# Need help aquascaping my 46 Bowfront



## silent1mezzo (Jun 24, 2014)

Set up this tank without any plants in the beginning. It initially had "river" of sand going through the middle with the sides having soil capped with pebbles I recently bought a lot of plants and don't really know what to do with them all.

Plant list:
1. Rotala Rotundifolia
2. Alternanthera reineckii Mini
3. Hygrophila polysperma
4. Ludwigia red
5. Ludwigia Repens
6. Ozelot sword
7. Jungle Val

Any tips?










Sent from my iPhone using Tapatalk


----------



## ksimdjembe (Nov 11, 2006)

Sometimes less is more. Everyone develops their own preferred sense of aqua scraping, but I am partial to the rule of thirds. In this case it might be an idea to bring many of the plants and driftwood pieces together and make an island of sorts of dense planting of most of the plants, working your way from front to back with the shorter plants in front and taller in back.
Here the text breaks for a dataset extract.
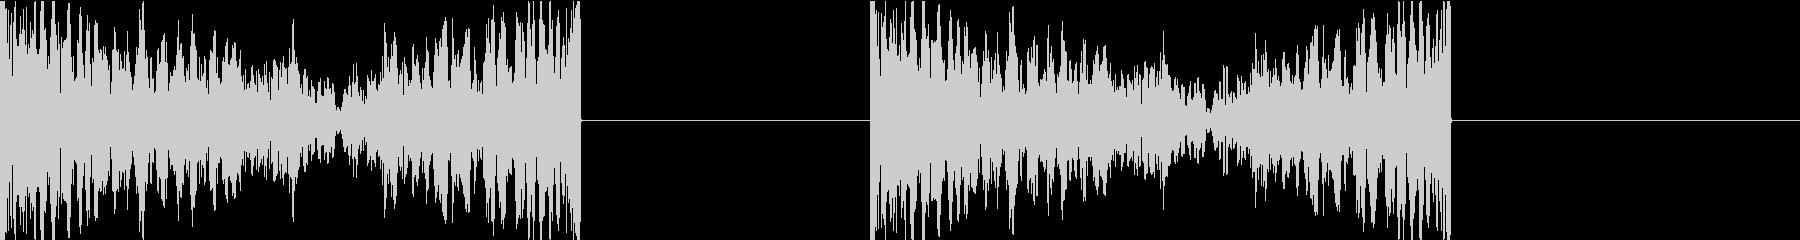 DJプレイ スクラッチ・ノイズ 269の未再生の波形
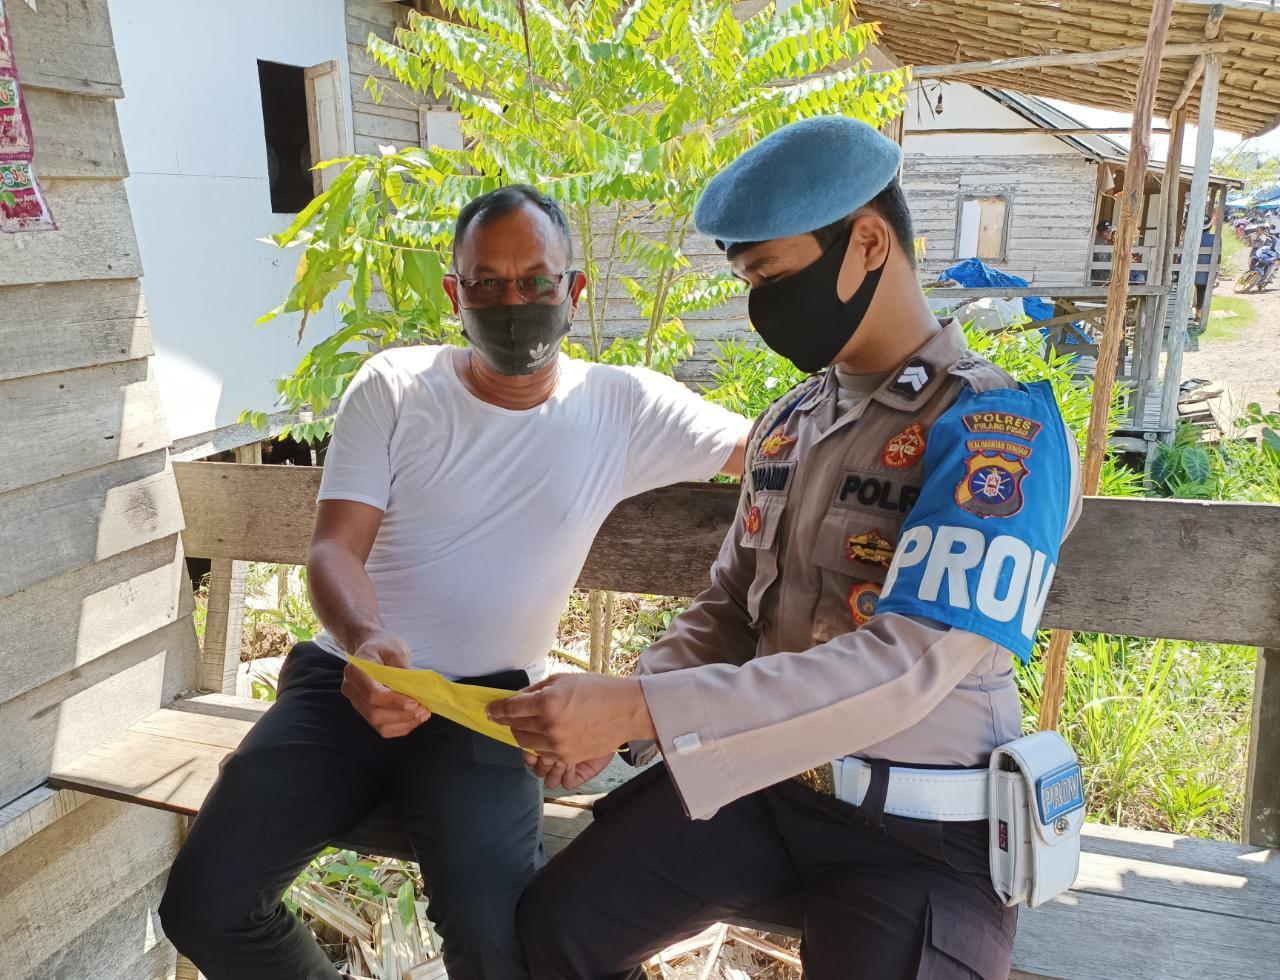 Cegah Penyebaran Virus Corona, Personel Polsek Kahayan Kuala Lakukan Sosialisasi Protokol Kesehatan

This leaves open space and gives a nice thicket look on one side.

A photo link:
http://scapefu.com/wp-content/uploads/2014/03/no_left_branches_details.jpg

Some theory: 
http://aquascapinglove.com/basics/getting-started-aquascaping/


----------



## silent1mezzo (Jun 24, 2014)

Thanks for the article! It was really helpful. 


Sent from my iPhone using Tapatalk


----------